Although many publishers and owners of intellectual property have long objected, Google and other web companies view the activity of their data crawlers as fair use. As a result, the company has been involved in many legal battles over the practice. As generative AI and huge language models gain popularity, this issue has once again come to light as AI businesses send out their own crawlers to gather information for their chatbot feeds and to train their models.
Since Google and other search engines directed consumers to these publishers' ad-supported websites, some publishers found at least some value in allowing search crawlers access to their websites. However, in the age of AI, publishers are more adamantly rejecting crawlers because there is now no benefit to providing their data to AI firms.

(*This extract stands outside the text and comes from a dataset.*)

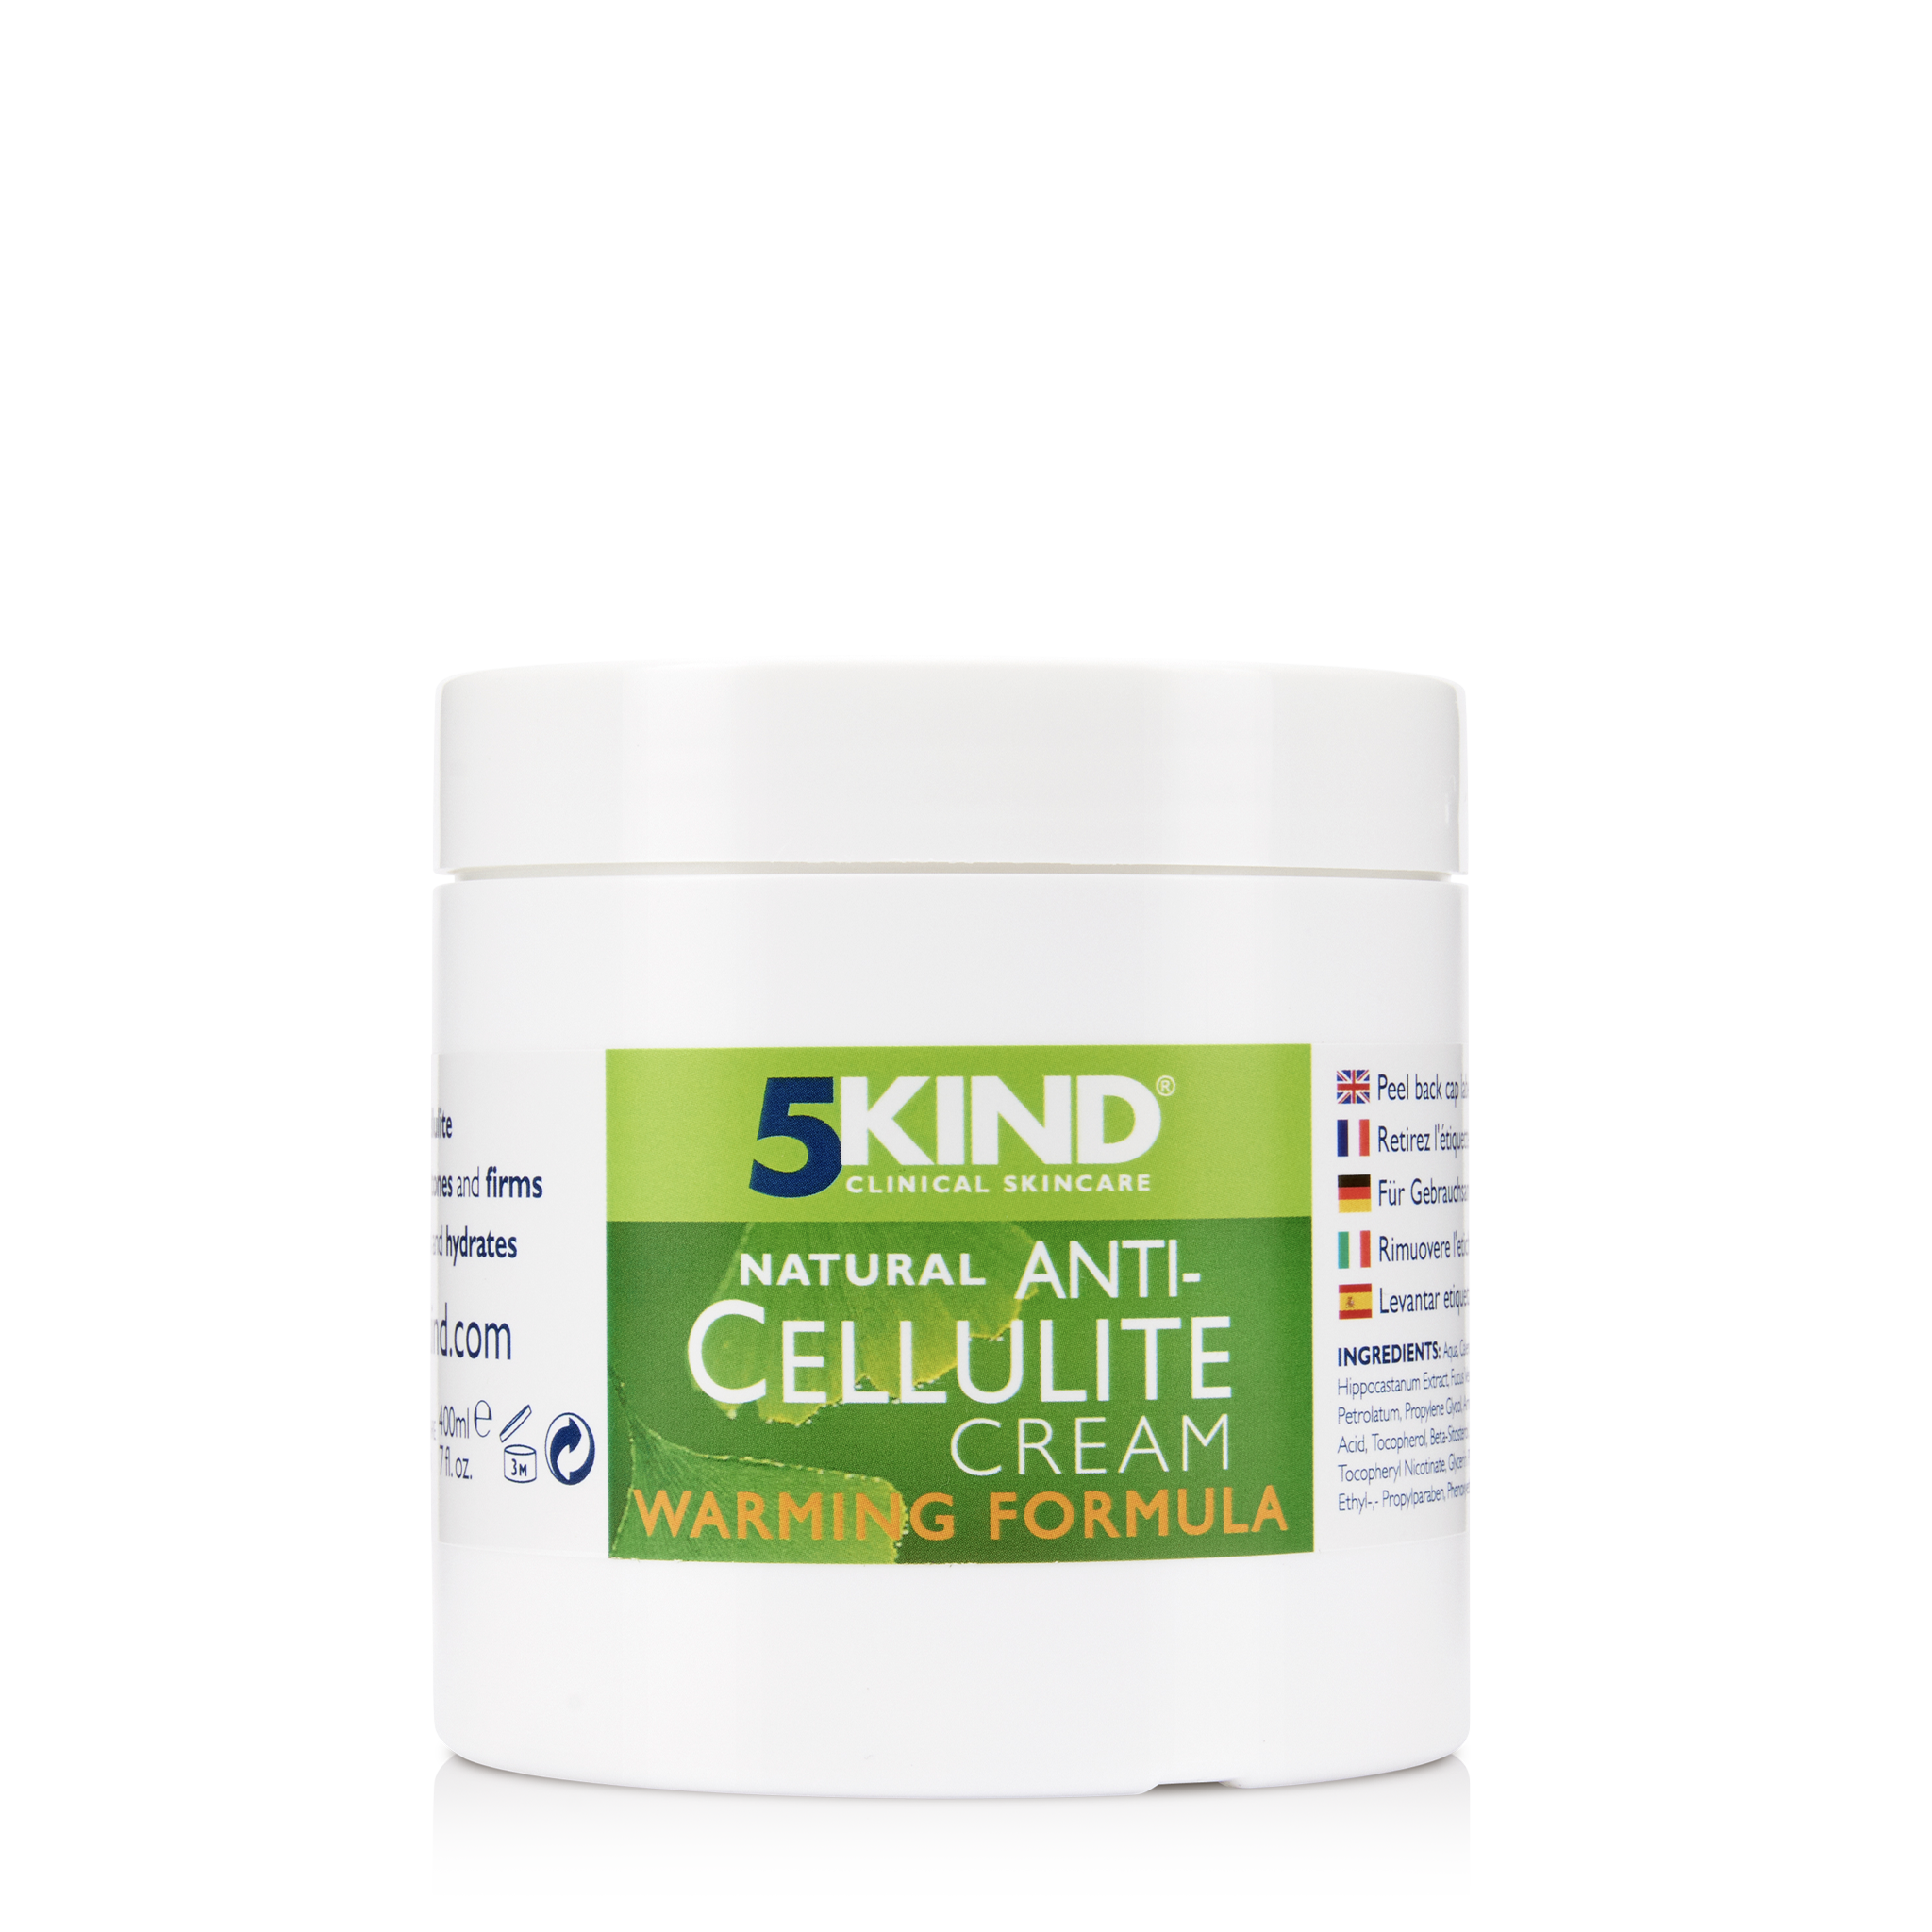 Natural Cellulite Toning Cream

Many media businesses are currently in discussions with AI companies about paying a price to license their data to AI companies, but these discussions are still in the early stages. While this is going on, some websites and owners of intellectual property are suing or considering suing AI businesses that may have misused their data.
The increasing commercialization of AI services like OpenAI is being viewed with anger and a "we won't get fooled again" attitude by media organizations that feel they were duped by Google over the past 20 years. According to The Information, OpenAI is expected to earn more than $1 billion in revenue over the coming year.
Particularly, news organizations are having trouble striking the correct mix between embracing AI and resisted it. On the one hand, the sector is desperately trying to come up with new ideas to increase profit margins in their labor-intensive operation. On the other hand, integrating AI into a newsroom's workflow when public confidence in media organizations is at an all-time low raises difficult ethical issues.
If too much of the web bans AI crawlers, the owners of those crawlers may find it more difficult to update and improve their AI products, and good data is getting tougher to find.